As of 1 February 2015, dr. David Napolitano is postdoctoral researcher at the Institute for History. He is particularly interested in the figure of the medieval city magistrate.

Childhood dream

I graduated as a lawyer in 1993 (K.U. Leuven and Northwestern University (Chicago)) and pursued a successful career as a legal practitioner in Belgium, initially as a corporate counsel (KBC Bank) and later as a partner in a law firm (Eubelius). In 2005 I decided to quit the legal profession and to realize my childhood dream, studying Italian literature and history.

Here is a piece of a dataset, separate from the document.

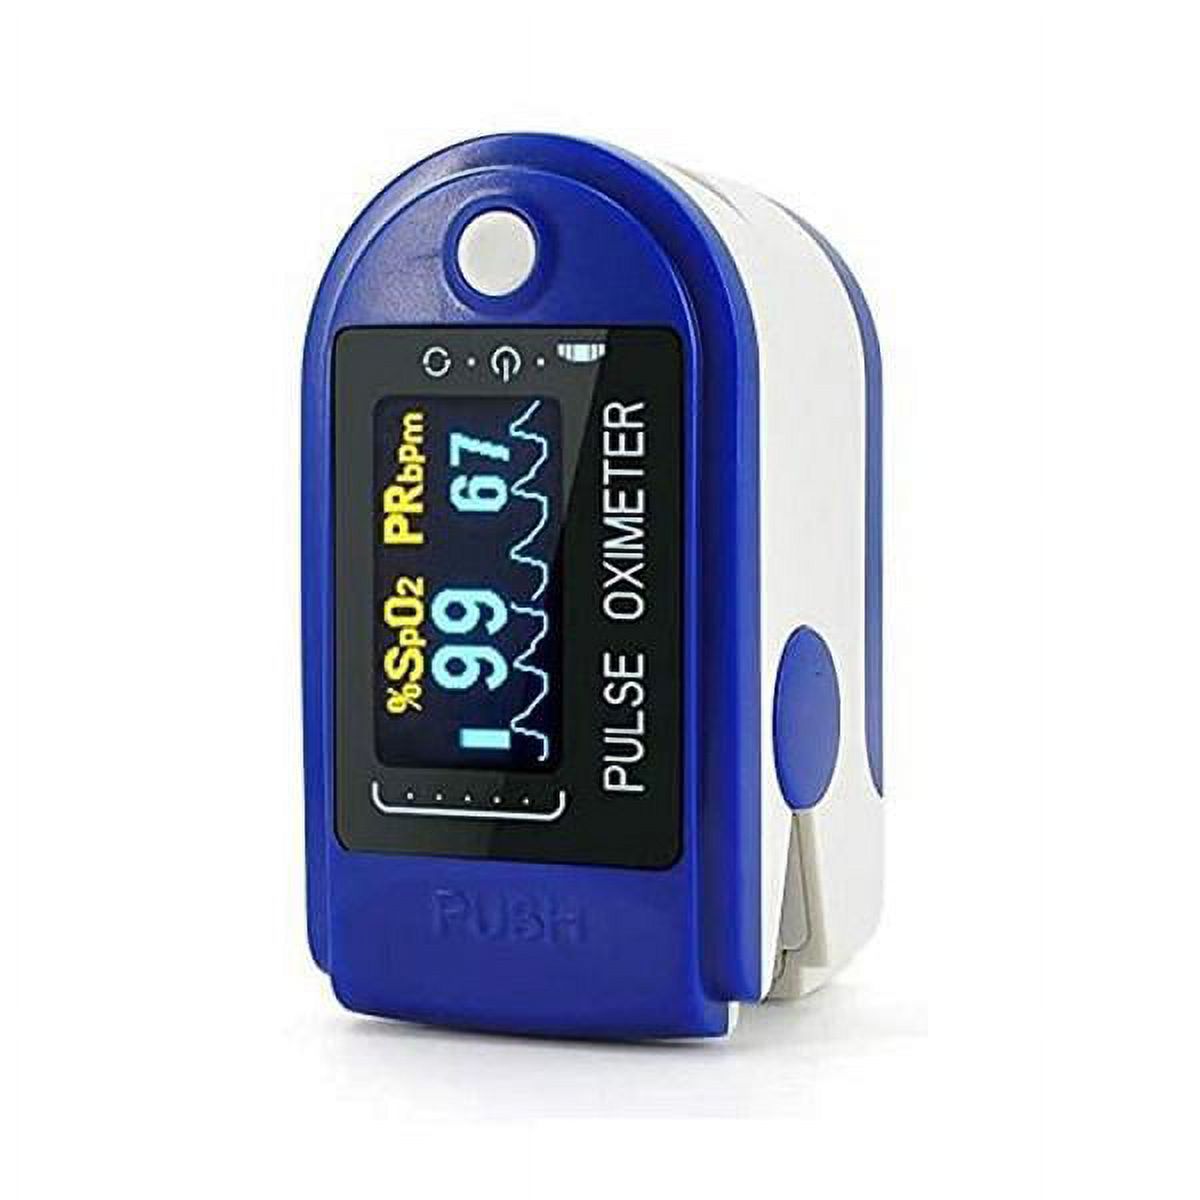 Finger Pulse Oximeter Blood Oxygen Saturation SpO2 Heart Rate O2 Monitor CE - Blue, New - image 2 of 11

Following in the footsteps of Brunetto Latini

As a bachelor student (Italian Language and Culture Studies, Utrecht University) I came into contact with Brunetto Latini’s Li Livres dou Tresor. This medieval treasure trove offered me an exciting peek into the intellectual horizons of one of the central figures of thirteenth- century Florence. Inspired by the teaching in a Minor in Medieval Studies I enrolled in the Research Master Medieval Studies at Utrecht University. Reliving my ‘American Dream’ I also spent a year as an exchange student at the University of California, Los Angeles as part of this master programme. 

For my master thesis I studied the composition and reception of the Tresor on the Italian peninsula in order to trace the variation and repositioning of this political encyclopedia in different socio-historical contexts. A traineeship at Huygens ING and a three-month stay at the Royal Dutch Institute at Rome (as a Ted Meyer stipend holder) offered me the perfect opportunity to develop my own research agenda. For my PhD project I focused on the final part of the Tresor, dealing with Italian city government, and, instead of looking at its reception, I opted to study its predecessors, the podestà literature, a corpus of thirteenth-century political advice books targeted at the city magistrate and his entourage.

Moving beyond Italy’s borders

Having completed my PhD at the University of Cambridge (Trinity Hall) under the guidance of Professor David Abulafia I returned to the Netherlands to join my wife, Maaike, in The Hague. Picking up where I left off three years before, I became involved in the ‘Erasmus, Opera Omnia’-project at Huygens ING. In addition, I was welcomed by the academic community of Leiden University. Here I aim to move beyond Italy’s borders and pursue my interest in the cultural and political history of cities in medieval Europe by comparing the podestà literature to the didactic literature targeted at city magistrates in other regions, especially the Southern Low Countries and the Rhine area.